Idiopathic nephrotic syndrome is a rare kidney disease characterised by nephrotic proteinuria, hypoalbuminemia, hyperlipidaemia and oedema. The incidence of idiopathic nephrotic syndrome ranges from 2 to 7 cases per 100,000 children per year. Children between 1 and 10 years of age are mainly affected. The pathogenesis is associated with damage to the microstructure of glomerular filtration barrier, which may be caused by a variety of immune-mediated factors.
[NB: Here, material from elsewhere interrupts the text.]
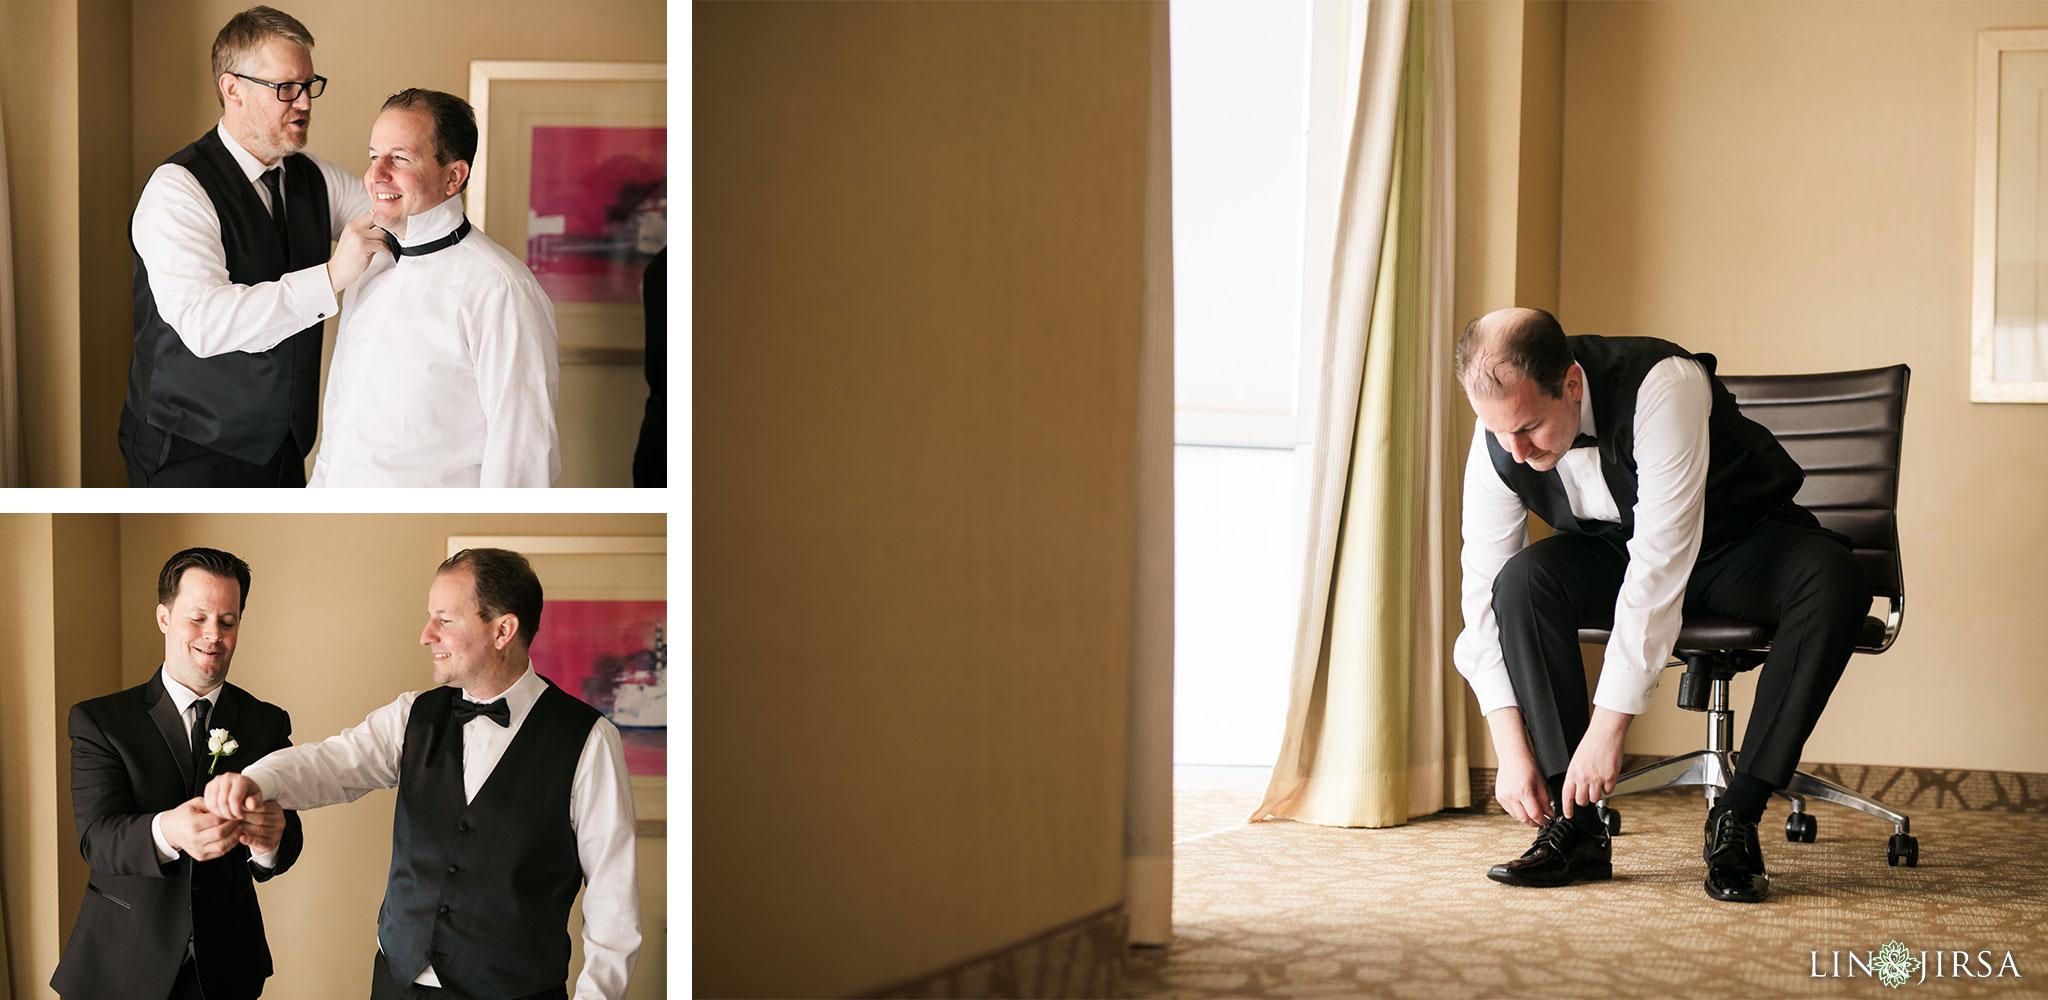 08 vertigo banquet hall glendale wedding photography

Circulating factors such as hemopexin, cathepsin, soluble form of urokinase plasminogen activator receptor may be responsible for proteinuria in idiopathic nephrotic syndrome. Another possible cause of nephrotic proteinuria is dysregulation of T cells, including regulatory T cells and B cells. Nephrotic proteinuria occurs in other diseases that are associated with pathological action of lymphocytes, such as immunodysregulation polyendocrinopathy enteropathy X-linked syndrome (IPEX syndrome), and Hodgkin’s lymphoma. Numerous relapses of proteinuria in idiopathic nephrotic syndrome may be associated with latent Epstein–Barr virus infection via antigenic mimicry. Relapses of proteinuria may also occur in response to gluten or allergens in patients with coeliac disease or food allergy. Idiopathic nephrotic syndrome is managed with immunosuppressants. They inhibit immune system activity, which consequently allows for reaching and maintaining remission of the disease.